Yazının sonunda söyleyeceğimi, başında söyleyeyim. Rojava’da Kürtler’in hak ve statü sahibi olmasının yolu ne Moskova, ne Şam ne Washington’dan geçiyordu; Rojava’da hak ve statü sahibi olmanın yolu Ankara’dan geçiyordu.
Siyasi şartlar buna uygundu ve sanıldığı gibi, PYD’yi Esad’ın kucağına iten Türkiye’nin uyguladığı yanlış politikalar değil, İran’ın kendi bölgesel çıkarları için, PKK üzerinden PYD’ye dayattığı yol haritasıydı.
Özetle söylemek gerekirse, Esad’la işbirliği yapması için, PKK üzerinde başından beri zaten var olan siyasi nüfusunu yeni koşullarda kullanan İran ve Celal Talabani’den başkası değildi.
Bu nüfuslarını, arabulucular tarafları bir araya getirmek için kullandı ve Esad’la PYD arasında bir anlaşma imzalandı. Buna göre Esad PYD’ye Rojava’yı teslim edecek, PYD ise bunun karşılığında, Kürt halkını, Esad’a karşı başlayan sokak gösterilerinin içinden çekip çıkaracaktı. Taraflar anlaşmaya sadık kaldılar ve herkes üstüne düşeni yerine getirdi.

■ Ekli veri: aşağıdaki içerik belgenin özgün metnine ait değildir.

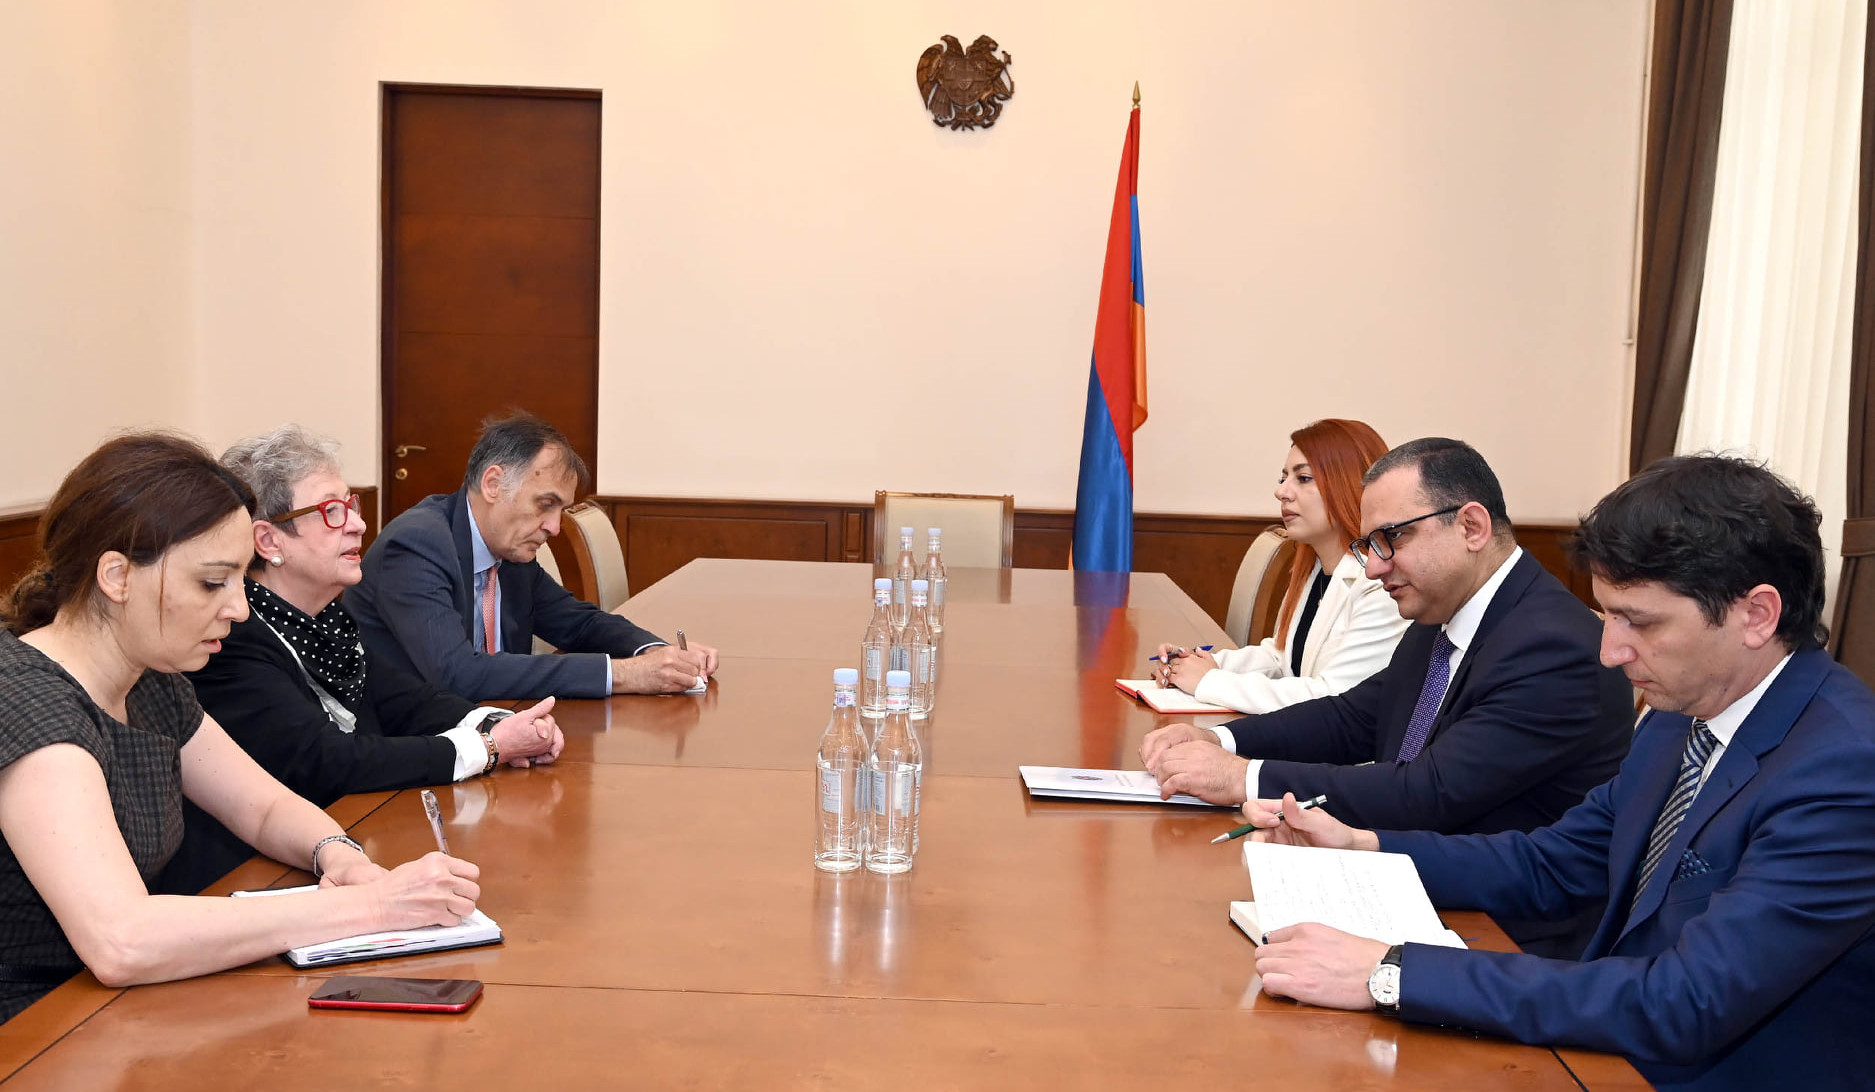 ЕС готов продолжать оказывать содействие правительству Армении: Андреа Викторин

Rojava, bölgeye iki bin kadar silahlı militanını sokan PYD’ye teslim edildi. Suriye Arap muhalefetiyle hareket eden Kürt muhalefeti ve liderleri baskılandılar, öldürüldüler ve tasfiye edildiler.
Çözüm süreci bu saatten sonra bambaşka bir mecraya girdi. HDP ve PKK çevrelerinden sık sık şunu duymaya başladık:
‘Çözümün yolu Rojava’dan geçer! Rojava’da çözüm olmazsa, Türkiye’de de olmaz..’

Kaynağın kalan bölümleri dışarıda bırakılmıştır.